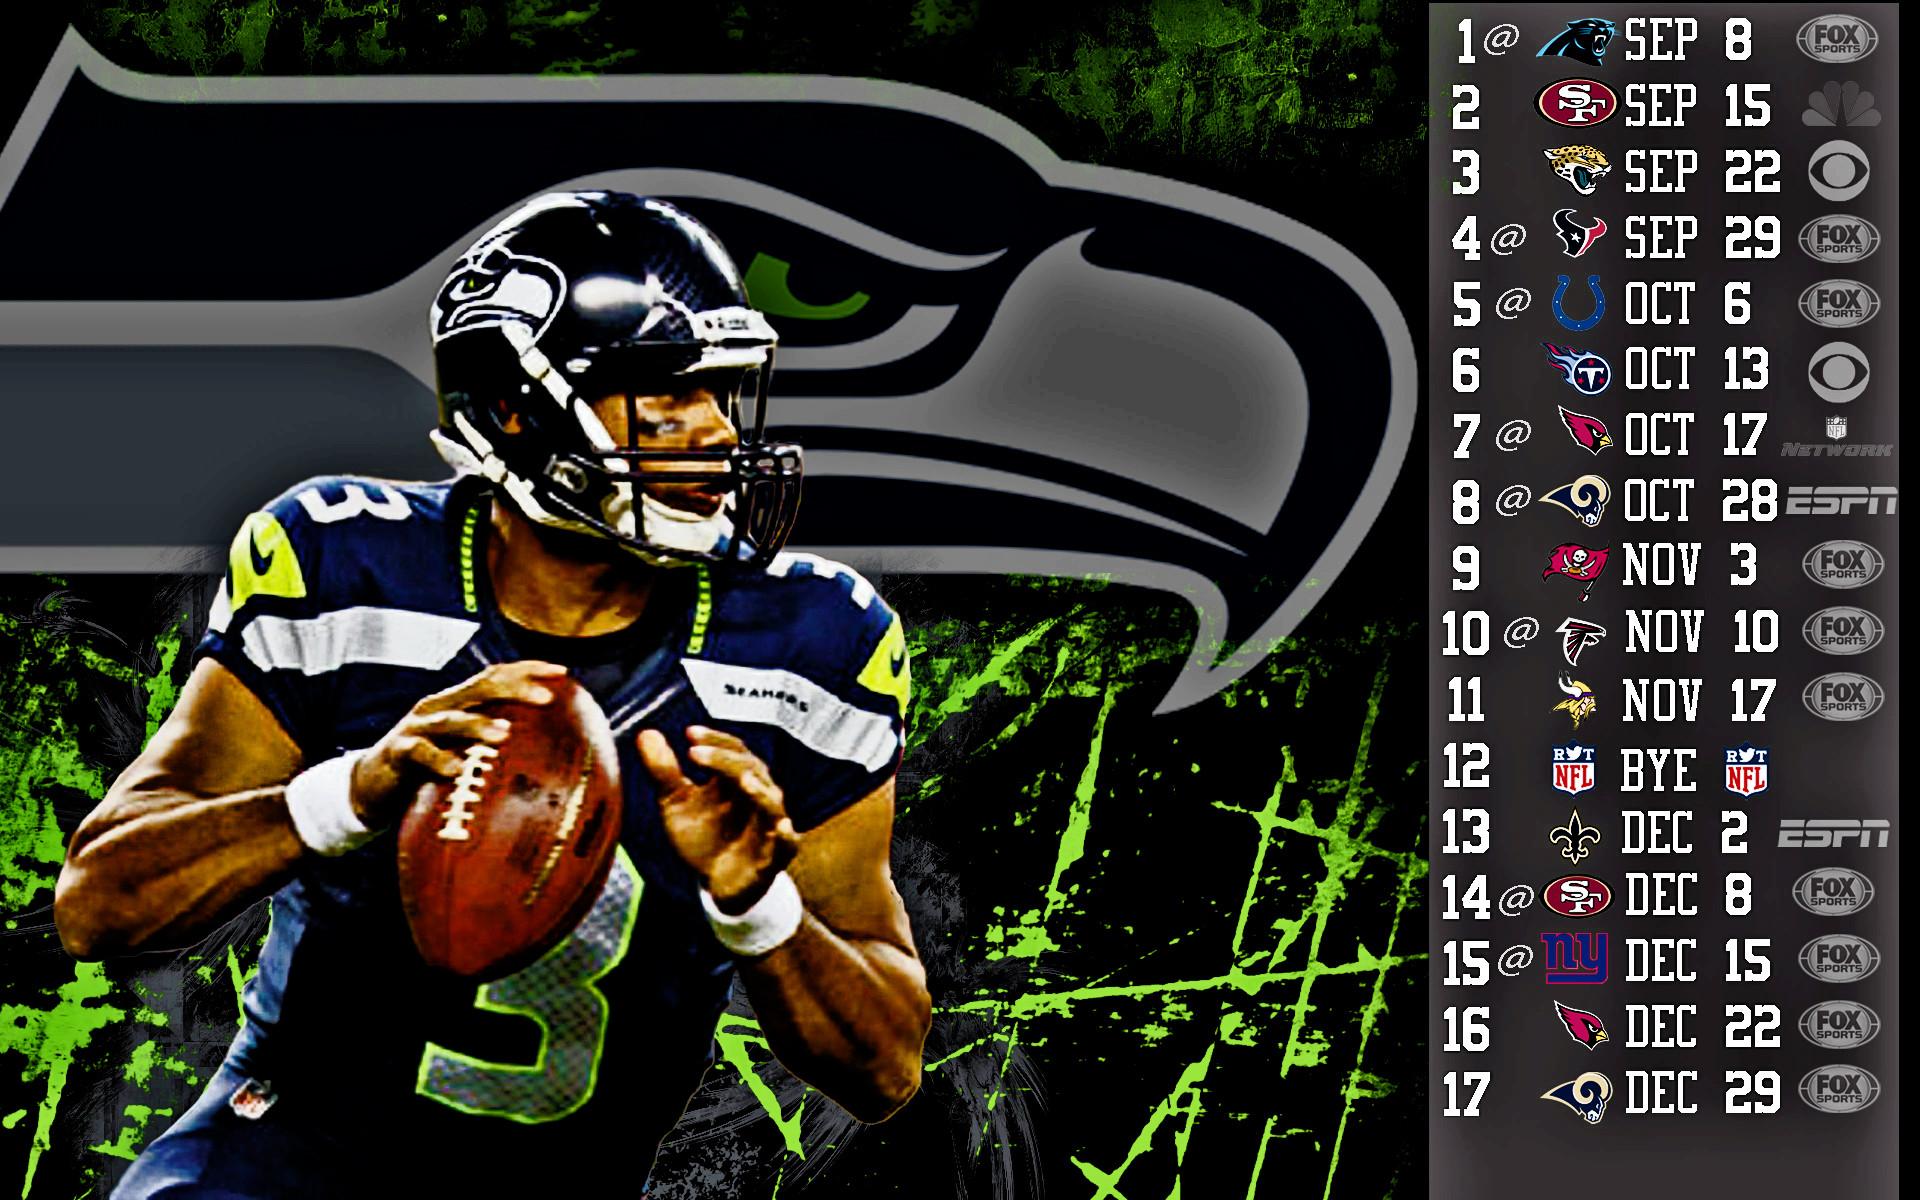 2013 Seatlle Seahawks football nfl d wallpaper | | 130429 |  WallpaperUP
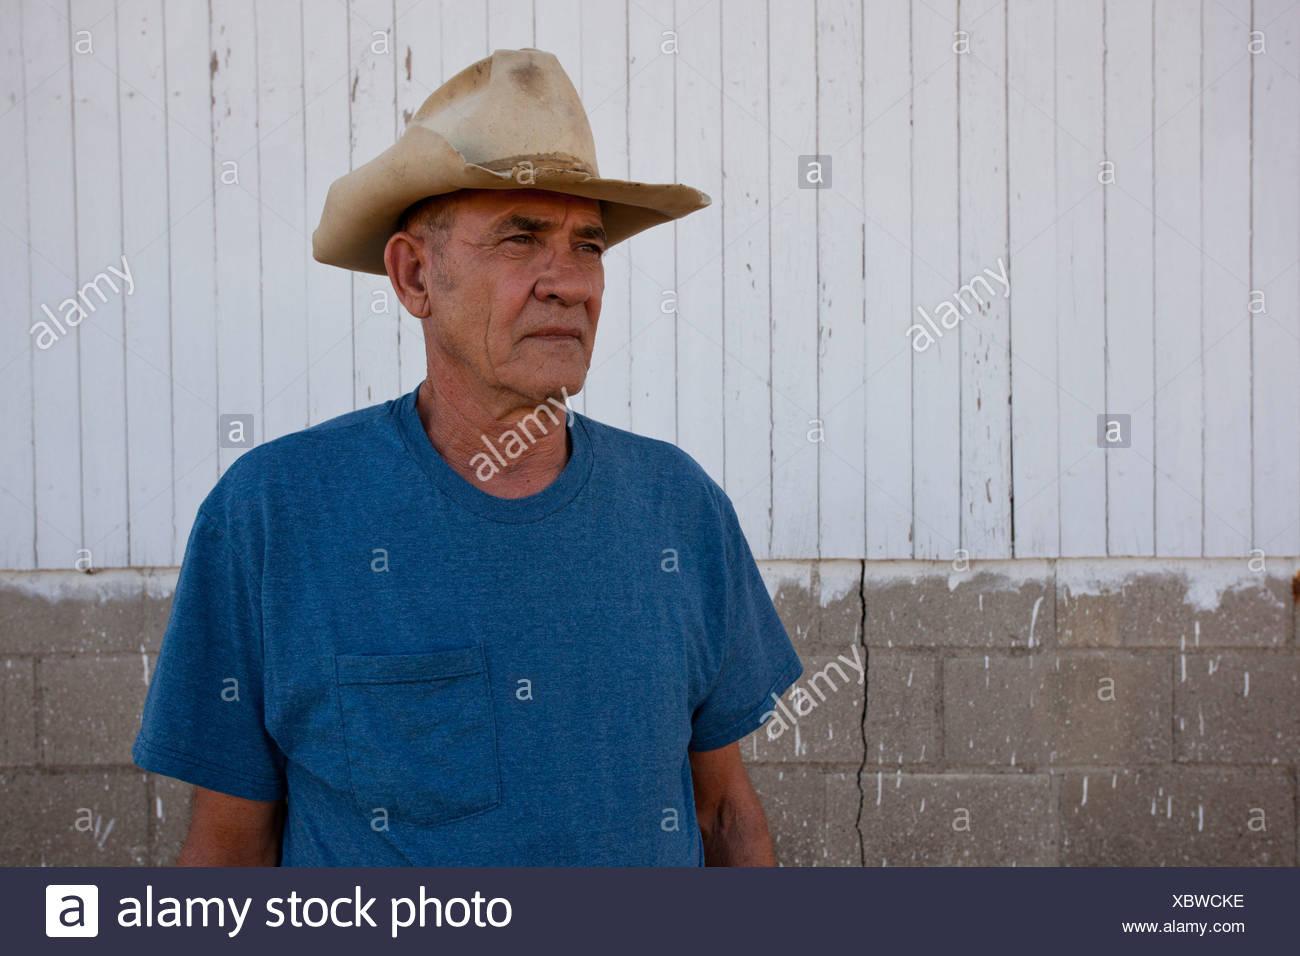 3db32820301 Old Man Wearing Hat Stock Photos   Old Man Wearing Hat Stock Images ...
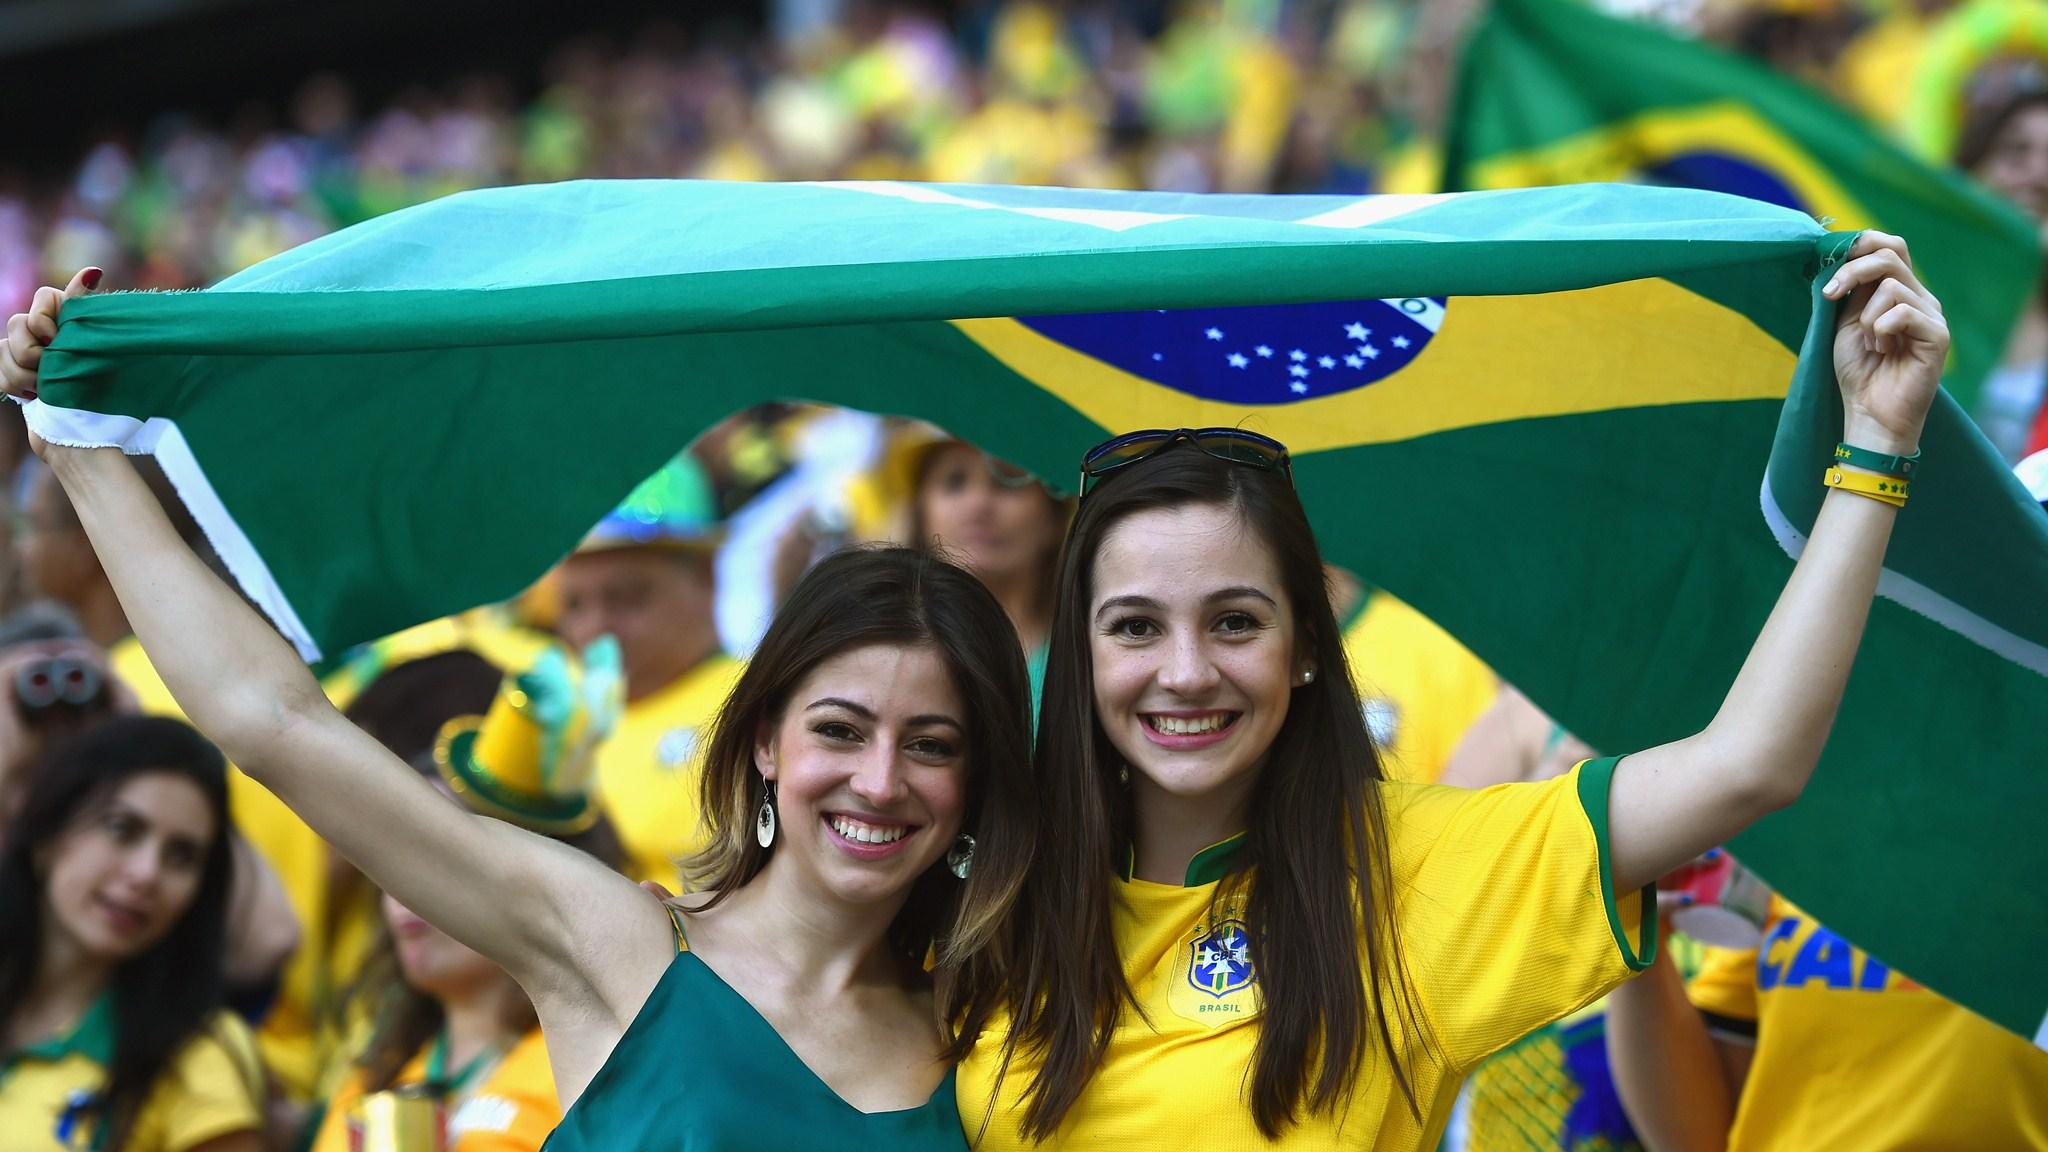 194 - Brazil-Croatia [3-1] -- 12 Jun 2014 - 17-00 -- Sao Paulo - Arena Corinthians

----

▶ _Instructions for the task_
Print the listing again exactly, please. Keep the pictures out of it.

▶ _Answer box_
 2013 Seatlle Seahawks football nfl d wallpaper | | 130429 |  WallpaperUP
 3db32820301 Old Man Wearing Hat Stock Photos   Old Man Wearing Hat Stock Images ...
 194 - Brazil-Croatia [3-1] -- 12 Jun 2014 - 17-00 -- Sao Paulo - Arena Corinthians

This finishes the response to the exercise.